Because Baz Luhrmann wanted to create his own vision, not a single frame was shot in real locations, and certainly not in France. Instead, some 20 sets were constructed on the Fox lot in his native Australia. But, despite being at home during shooting, Luhrmann saw his film plagued by mishaps and budget overruns. The studio even had to push the release date up to June 1, from an original Christmas slot. Finally, this change of timing made it possible for the feature to unveil in Cannes, a touch of serendipity that’s put the director on pins and needles. “Moulin Rouge” didn’t screen well according to US sources, and Luhrmann has told Variety he’ll be riding a “wave of trepidation” leading up to its release.
He’s reason to be somewhat fearful, the press on opening night in Cannes is eager to find fault — no film in recent memory has wowed audiences on that famous Wednesday in May.

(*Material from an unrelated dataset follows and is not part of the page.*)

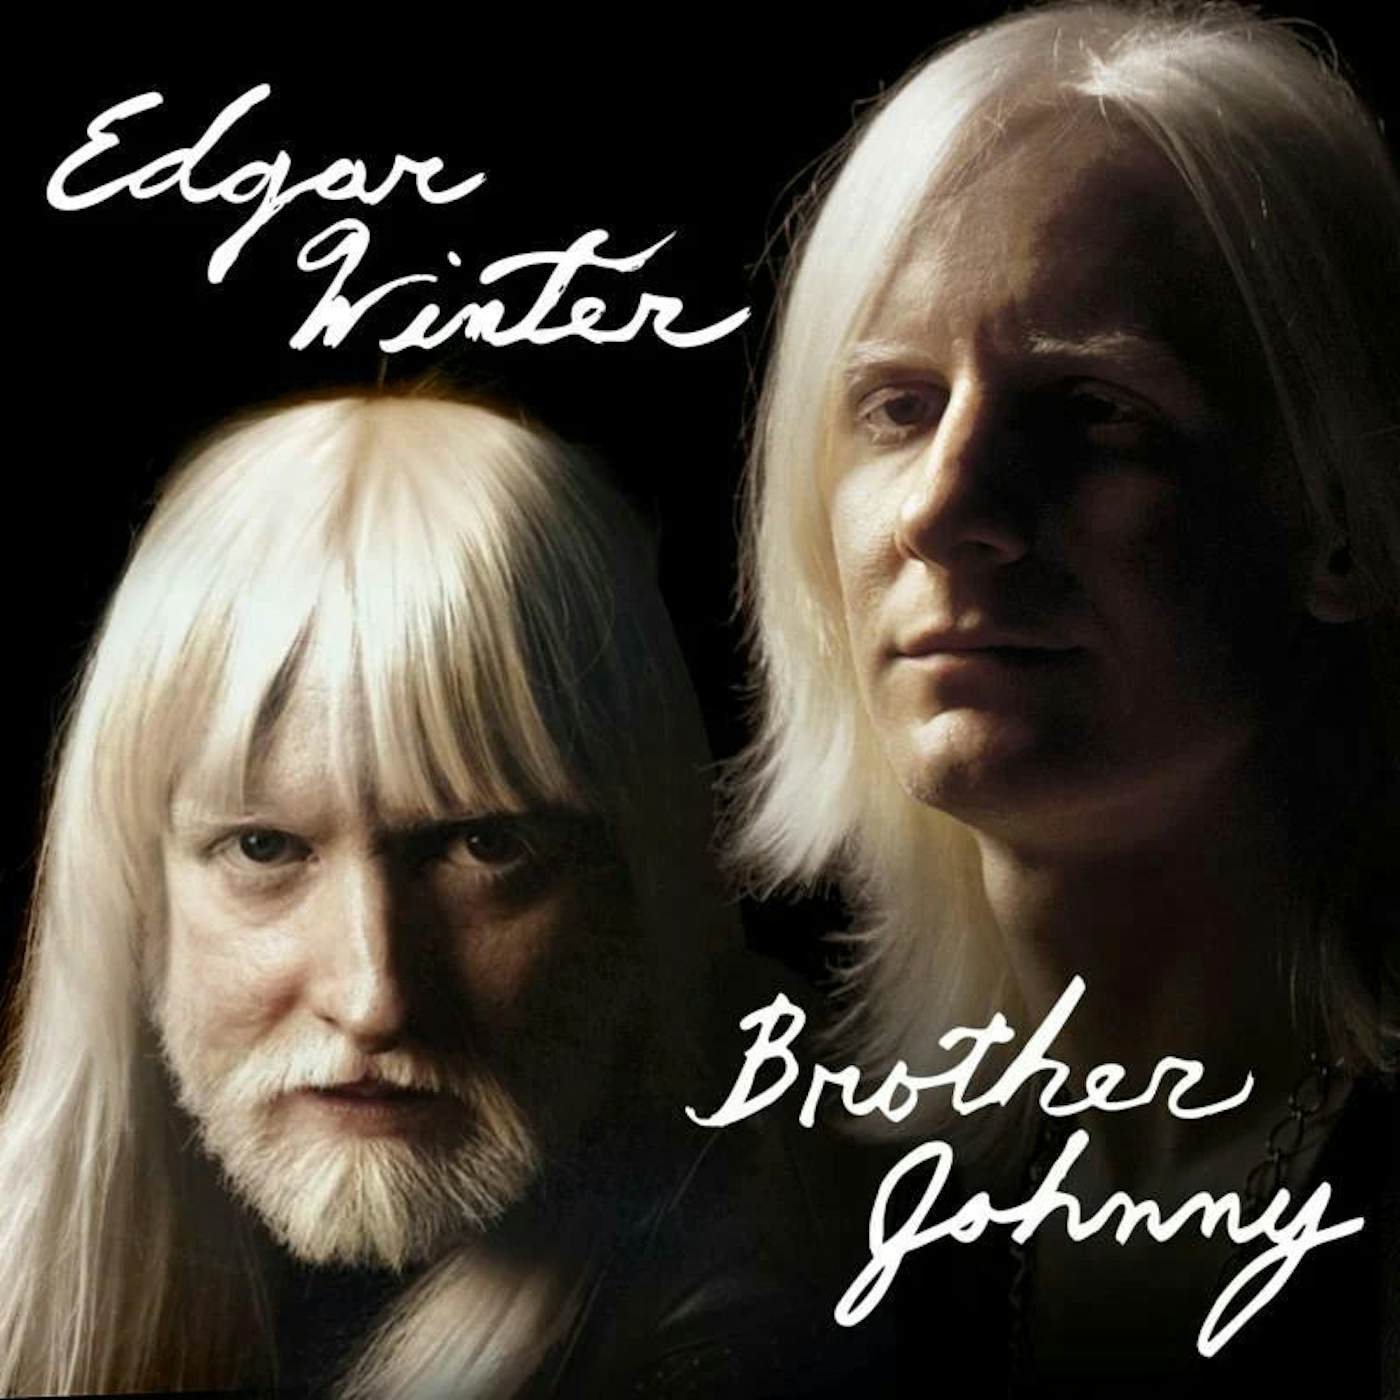 Edgar Winter LP - Brother Johnny (Vinyl)

Traditionalists and purists will complain the movie tinkers a bit too much with history and the French film industry will likely moan that it could have used a little more local color.
Hence, the paradox: the production was touted by Cannes fest president Gilles Jacob as the perfect mix of internationalism, tradition and entertainment to kick off the event, while the picture is actually a US take on a French theme, with American and British actors filmed in Australia.
Still, in a way, this spectacle has more to do with Cannes than is readily apparent. In January American actress-producer-director Jodie Foster accepted her appointment as president of the Cannes jury. Yet, a few weeks later, she had to bow out when she was offered the chance to replace Nicole Kidman on David Fincher’s “The Panic Room.” Kidman had been forced to drop out of that film due to an injury sustained while performing in “Moulin Rouge.”